La procesión, encuadrada en la tradición pastoril de la isla, se articula en torno a la Virgen, que simbólicamente cuida de su rebaño de fieles, simbolizados en el cuerpo de baile que acompaña la celebración, al son que marcan los pitos y tambores, sonidos que evocan de inmediato a El Hierro y que convierte a la música en otro elemento patrimonial esencial de esta tradición.

El camino es otro elemento impregnado de connotaciones simbólicas. Recorre casi 29 kilómetros a través de la dorsal que delimita las vertientes norte y sur de la isla.

Se divide en tramos, delimitados por rayas o límites, que serán recorridos por bailarines y personas del pueblo al que corresponda conforme al voto del siglo XVIII, encargándose del traslado y custodia de la Virgen.
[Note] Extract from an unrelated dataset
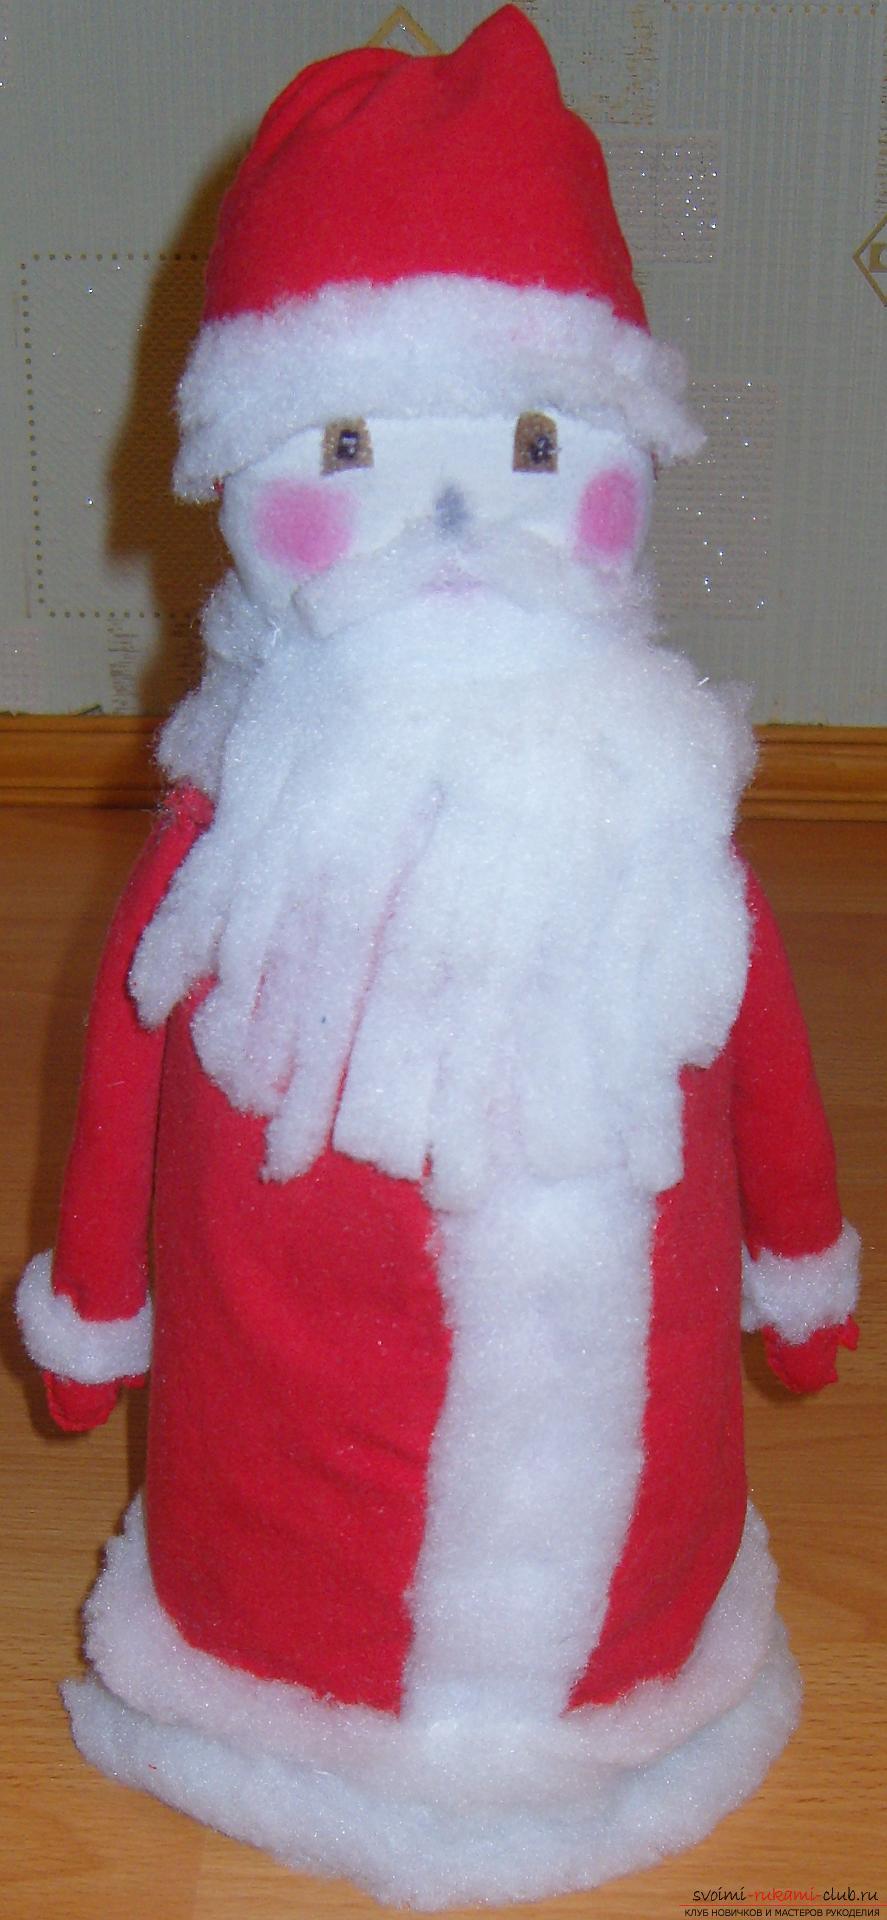 Новогодние поделки своими руками, Дед Мороз своими руками, как сделать Деда Мороза, поделки вместе с детьми, идеи и подробные уроки.. Фото №32

En La Bajada, según se fundamenta en el acuerdo aprobado por el pleno del Cabildo, confluyen elementos físicos y simbólicos que justifican sobradamente su consideración como Patrimonio Inmaterial de la Humanidad, tal y como se recoge en el expediente que ahora elevará el Cabildo de El Hierro al Gobierno de Canarias para su tramitación.

El sincretismo religioso facilitó la aculturación de una sociedad aislada durante siglos en un entorno cerrado como El Hierro, con otras formas socioculturales procedentes del continente europeo.

Se configura una nueva sociedad asentada sobre las raíces del cercano continente africano y las nuevas formas socioeconómicas implantadas tras la Conquista, dando lugar a una sociedad arraigada en su territorio y que ha sabido asumir su herencia y legarla a través de generaciones.

A todo ello hay que unir la importancia geológica y paisajística del recorrido que efectúa la Bajada, que recorre una geología singular, expresión evolutiva de una isla volcánica aún en proceso de formación.

El paisaje geológico se complementa y completa con la masa forestal que lo ha colonizado desde el origen de la isla, tanto el bosque de fayal-brezal, fósil viviente del bosque Terciario que una vez colonizó el planeta, hasta las masas de pino canario, cuya adaptación a un medio volcánico lo ha hecho único para la supervivencia en caso de incendios forestales.

En estos bosques es posible apreciar numerosos elementos botánicos, animales e insectos que son endémicos de la isla o del Archipiélago Canario.